Enough has probably been said to prove, that, beautiful and ingenious as the theory of this singular language may be,-the practice of it must be highly inconvenient and perplexing. A more familiar idea may perhaps be conveyed of the extent to which the combination of two hundred and fourteen characters may be carried, by simply remarking, that the dictionary of China, so called xar x, consists of more than two hundred volumes, and contains, it is said, sixty thousand characters. Add to this, that these characters, besides being pictures and representations of perceptible, or arbitrary symbols of intellectual objects, are perpetually used in a sense which has no immediate relation to the pictures or signs which they represent separately, but, by inference or analogy, convey in their combination a totally distinct image. Thus, the compound of primitive characters representing mouth and maternal bosom, implies affectionate admonition. A man, in combination with a field, signifies a village. It is the frequent use of this allegorical or metaphorical figure, that, while it constitutes the wealth and copiousness of the language, renders it so inaccessible and difficult. Nor are the significations of the character to be at

tained by mere reading, however systematic or laborious. A competent knowledge of Chinese history, customs, and modes of thinking, is absolutely necessary to their development. A single instance will elucidate our meaning. The character signifying marriage, is a combination of the signs representing wine and seal; because the wine presented in that solemnity by the bridegroom to the bride, is the seal of the union. Here, then, lies the principal impediment to the attainment of this singular dialect. The Jesuits were generally unsuccessful in their attempts to decypher the metaphorical parts of it; and although the zeal and industry of later students have achieved miracles in the cultivation of Chinese literature, a diction guarded as it were by so impenetrable a frontier, will, we apprehend, long continue to be among the rarest accomplishments of human diligence. Let us not, however, despair. Much has already been effected towards this important object, by those who are engaged in the pious labours of converting the heathen from his idolatry; before the victorious progress of whose benevolence, every difficulty seems successively to disappear, that has heretofore retarded the comprehension of the divided families of the earth in the golden bonds of Christian union.
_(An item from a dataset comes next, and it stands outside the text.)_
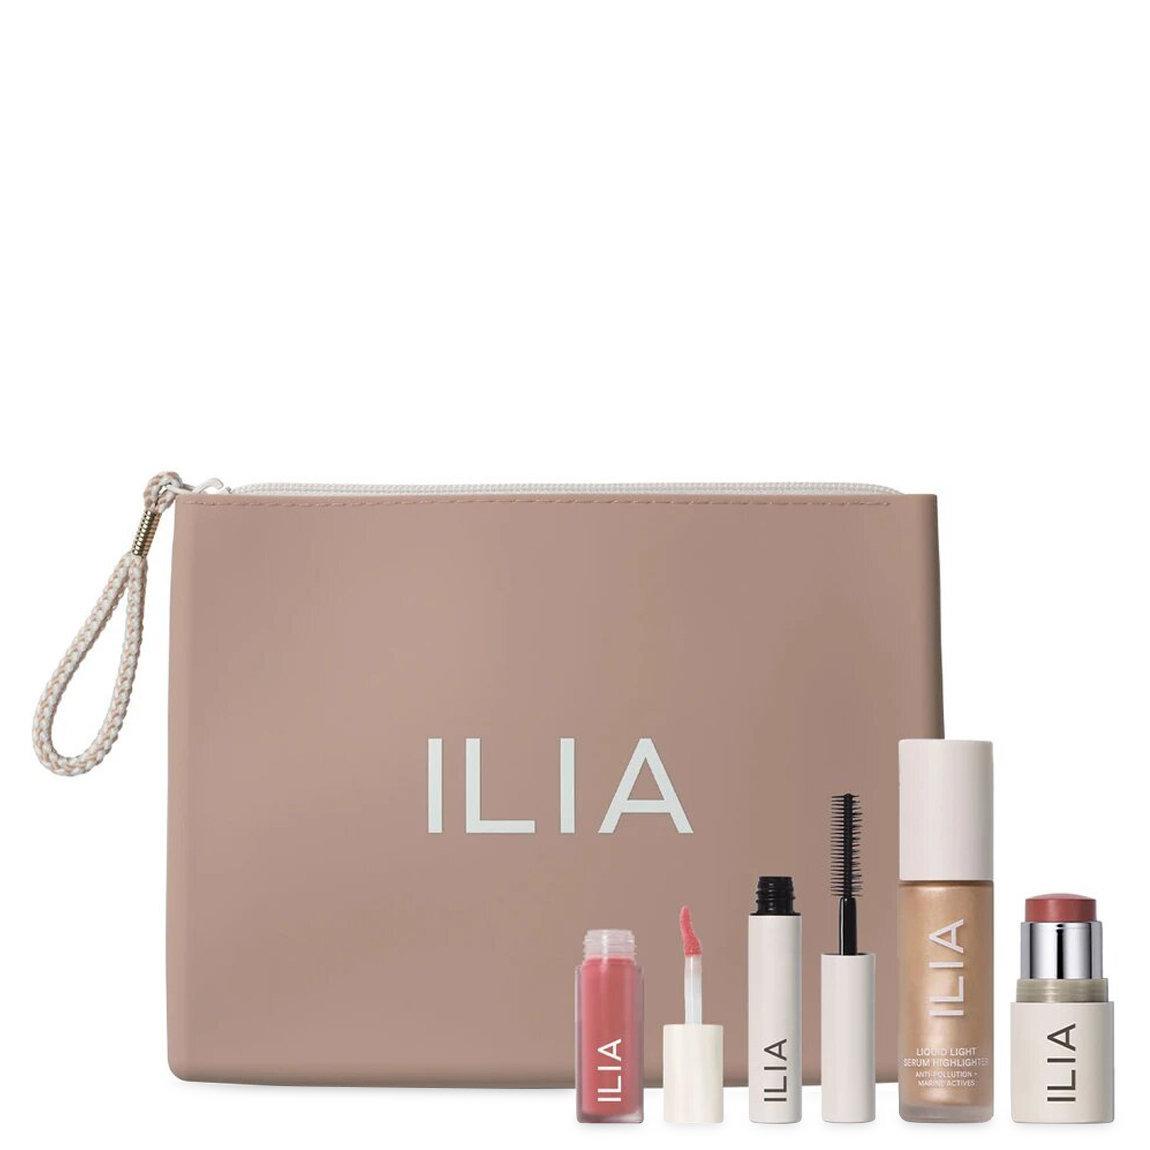 ILIA Hello, Clean Makeup Set product swatch.
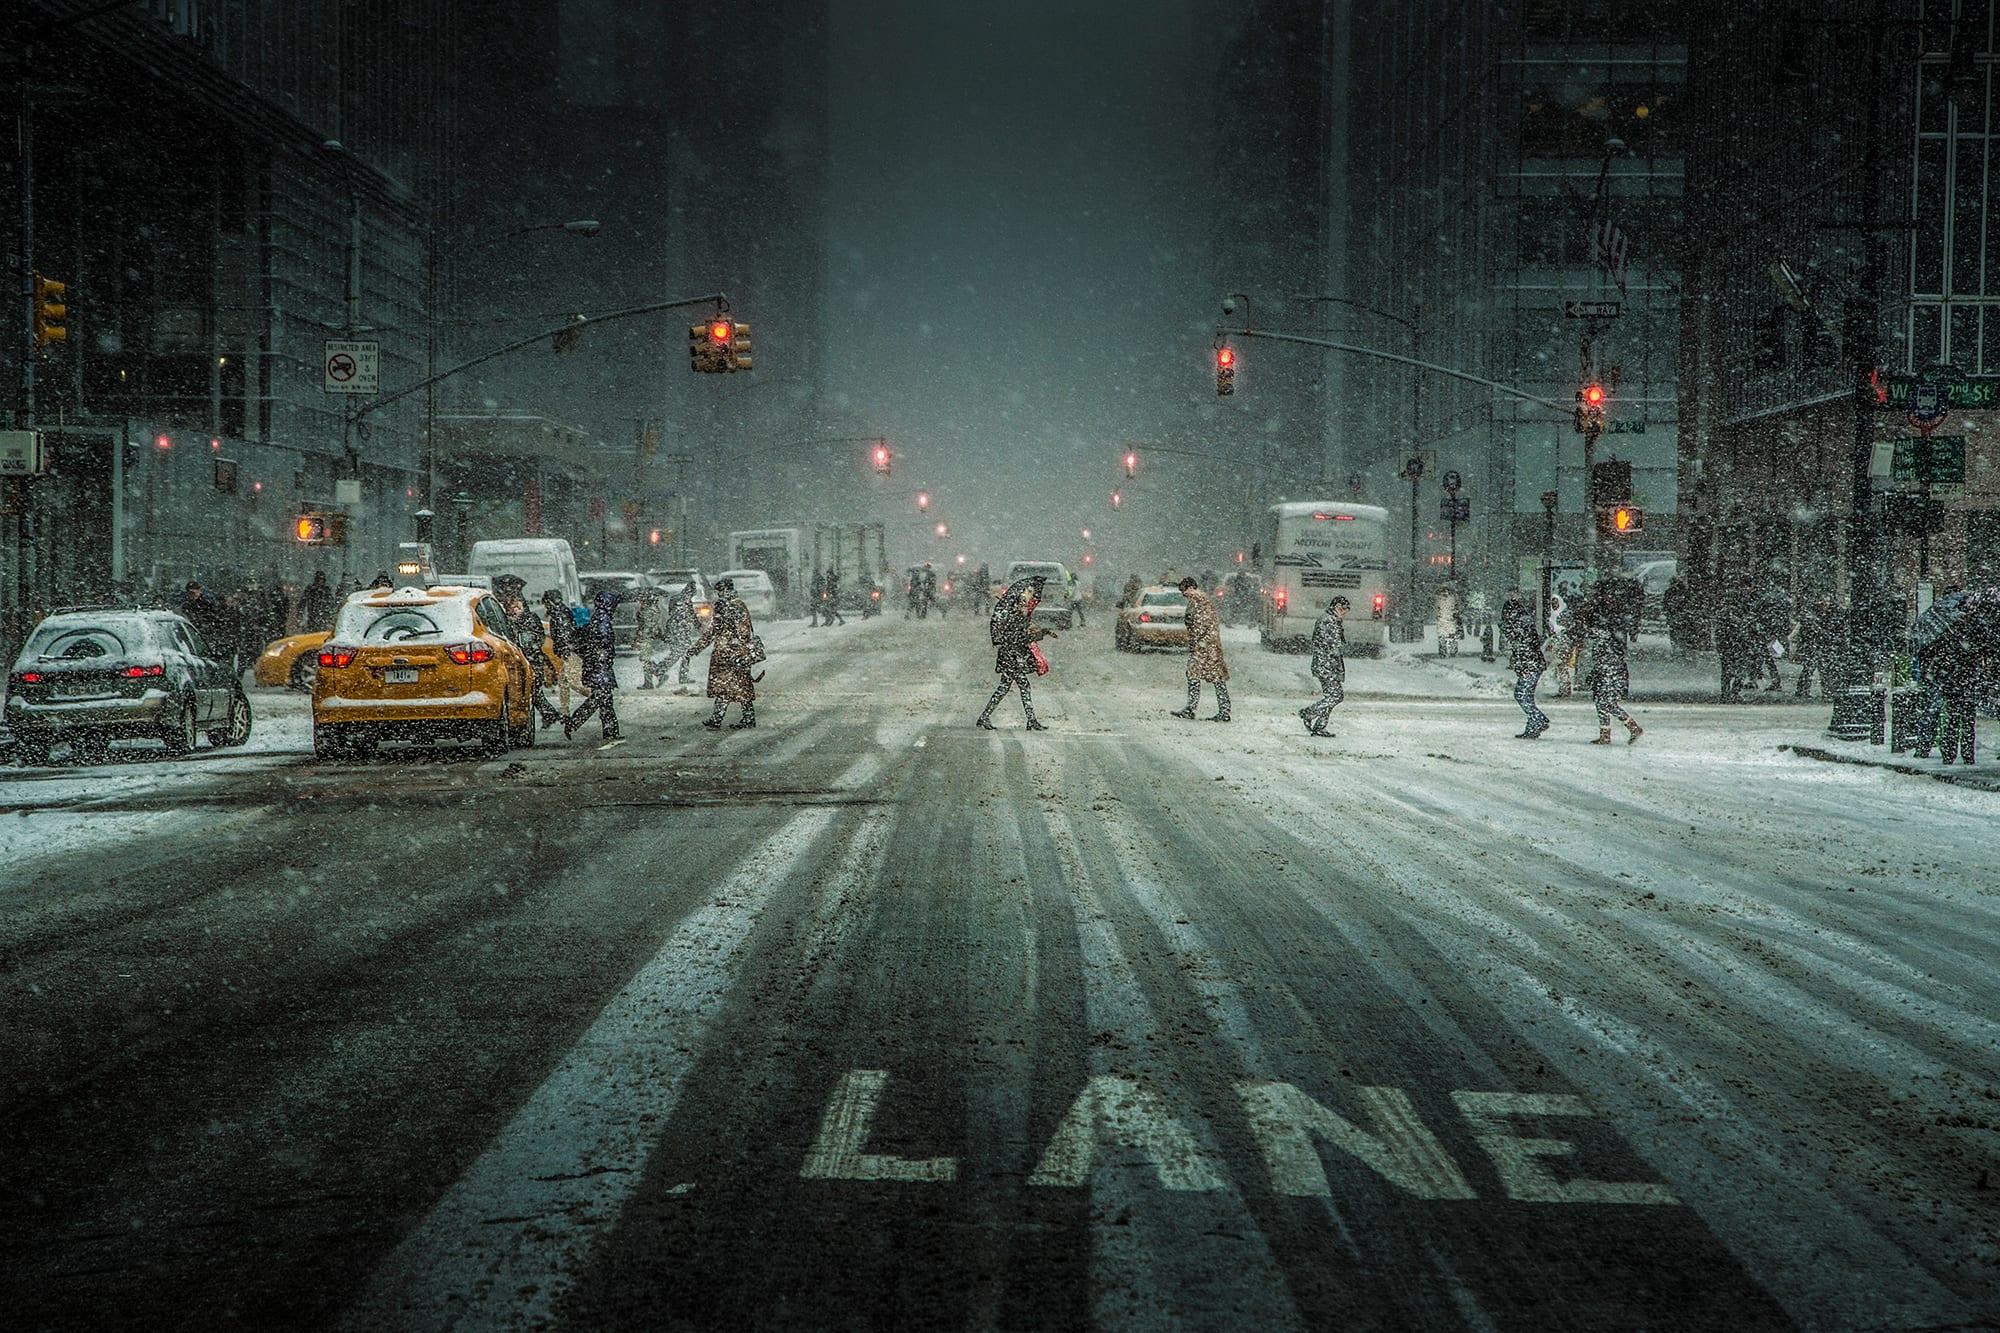 Digital Editing School at New York Film Academy

Having said so much of the language, we have but little space to speak of the literature of this extraordinary people. It may be sufficient to convey some notion of its extent and variety, to remark, that the Chinese press is nearly as prolific as our own. The Chinese are a nation of readers; and their books are inconceivably cheap. Novels, apologues, jest-books, imperial exhortations, songs, romances, dramas, books of cookery, almanacks, and court-calendars, are in constant circulation from the capital to the provinces. To those who cherish a liberal curiosity concerning that remote nation, their literature, in which they draw their own portrait, and sketch their own habits and institutions, is an invaluable source of information. For we are completely shut out from personal communication with them, being merely permitted to peep at them from Canton or Macao, as through a grate, where our factory converse with them through the medium of a mercantile jargon, intelligible only to themselves and the individuals with whom they traffic. It is obvious, therefore, that we are under no trifling obligations to those who, having mastered their language, bring us into a literary and intellectual contact with a country almost hermetically sealed to all external intercourse.

The work translated by Sir George Staunton, to which we have already referred, presented us with a view of the internal policy of that vast empire. The volume now before us, to

* Particularly by Dr. Morrison, and Dr. Milne.